§ Source data
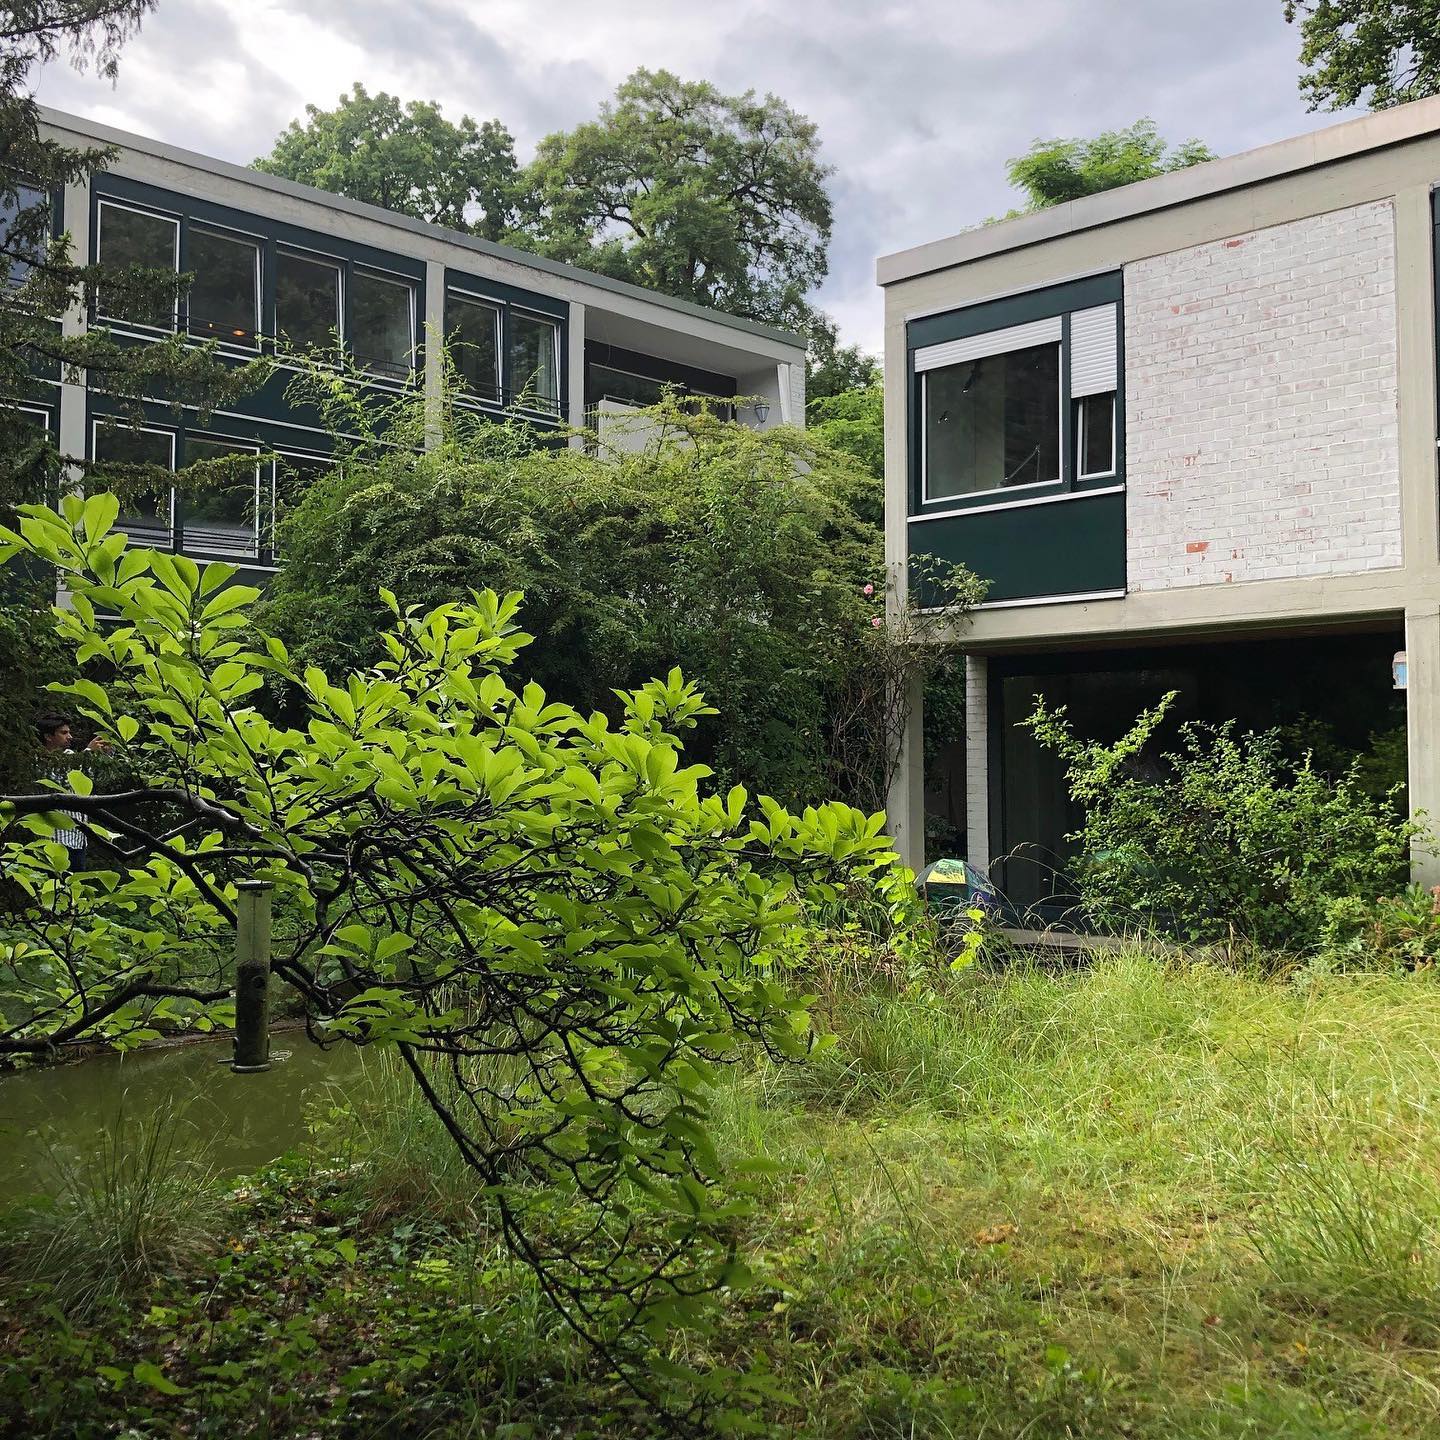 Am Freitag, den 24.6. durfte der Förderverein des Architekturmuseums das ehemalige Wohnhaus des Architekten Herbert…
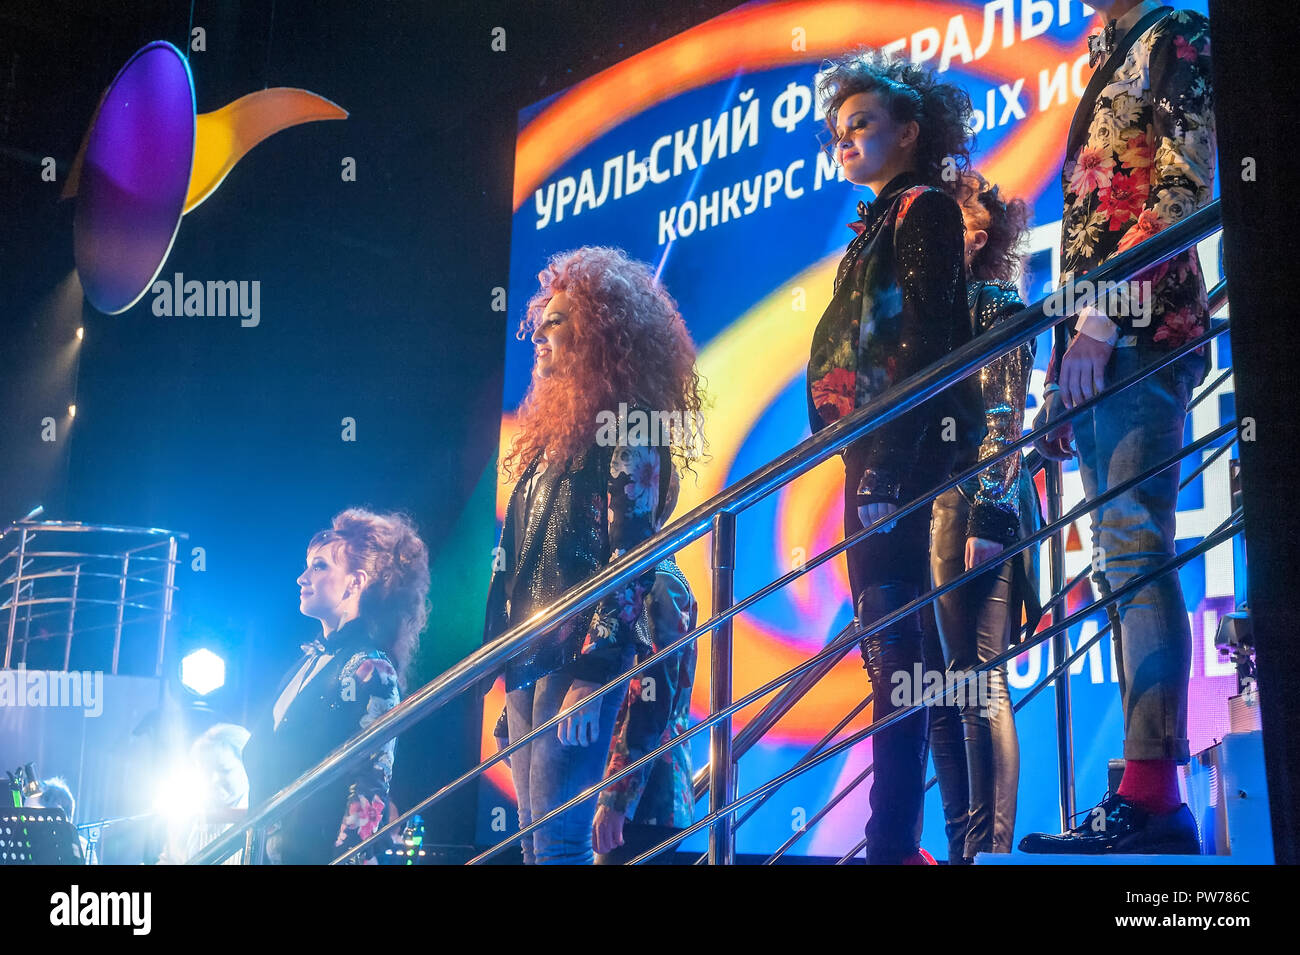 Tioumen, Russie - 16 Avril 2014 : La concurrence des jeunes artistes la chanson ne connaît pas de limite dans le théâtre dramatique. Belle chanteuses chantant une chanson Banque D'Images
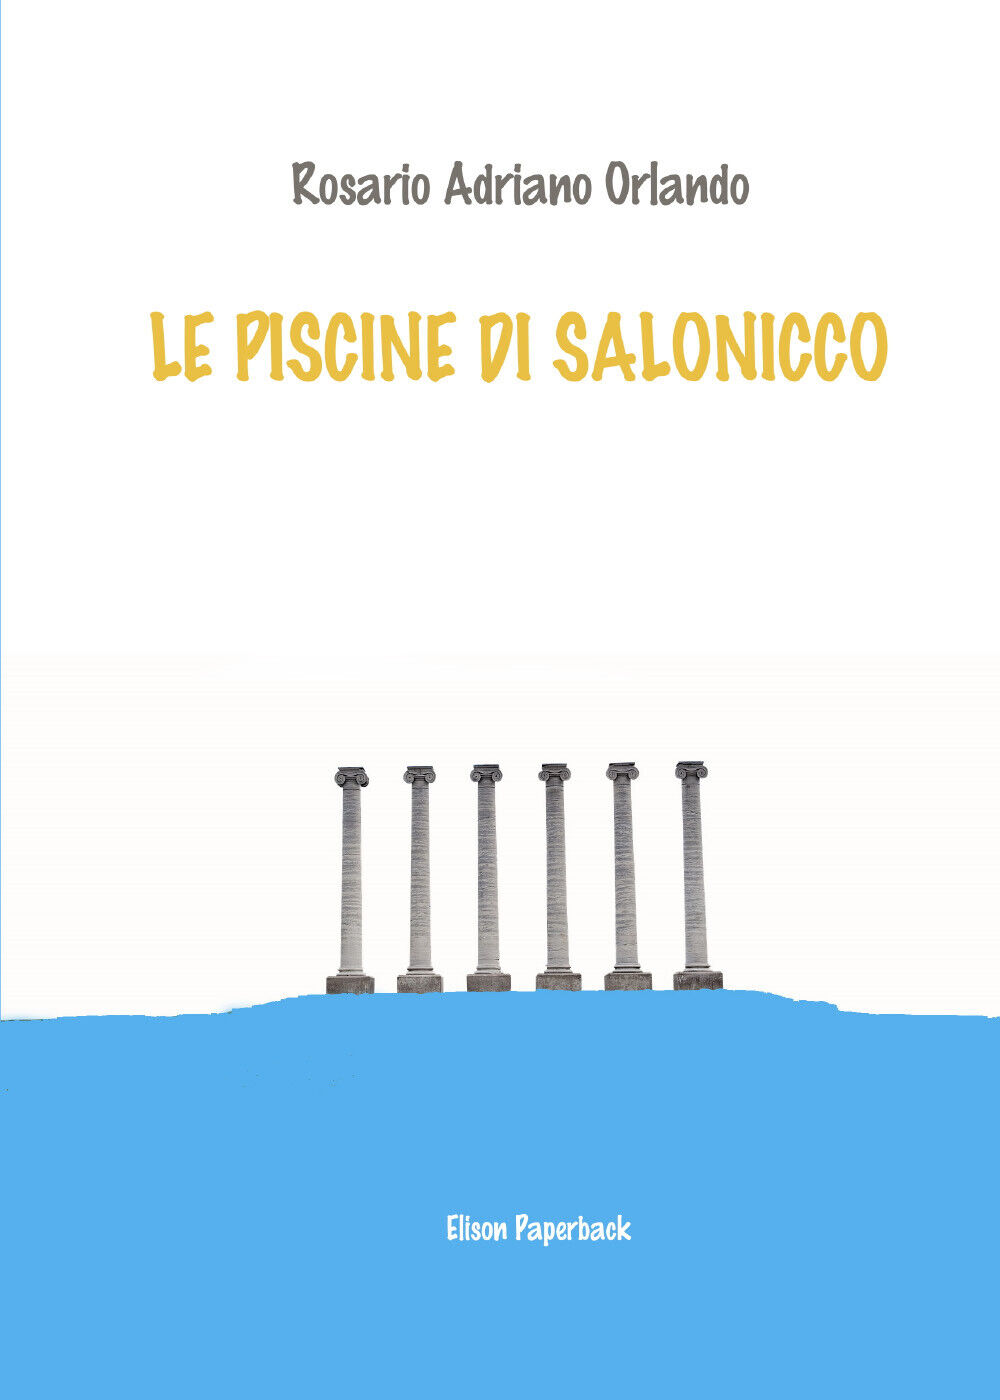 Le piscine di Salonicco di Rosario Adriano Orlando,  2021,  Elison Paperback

§ What is required
Pictures in the listing above must be skipped; everything else should be copied exactly.

§ Solution below
 Am Freitag, den 24.6. durfte der Förderverein des Architekturmuseums das ehemalige Wohnhaus des Architekten Herbert…
 Tioumen, Russie - 16 Avril 2014 : La concurrence des jeunes artistes la chanson ne connaît pas de limite dans le théâtre dramatique. Belle chanteuses chantant une chanson Banque D'Images
 Le piscine di Salonicco di Rosario Adriano Orlando,  2021,  Elison Paperback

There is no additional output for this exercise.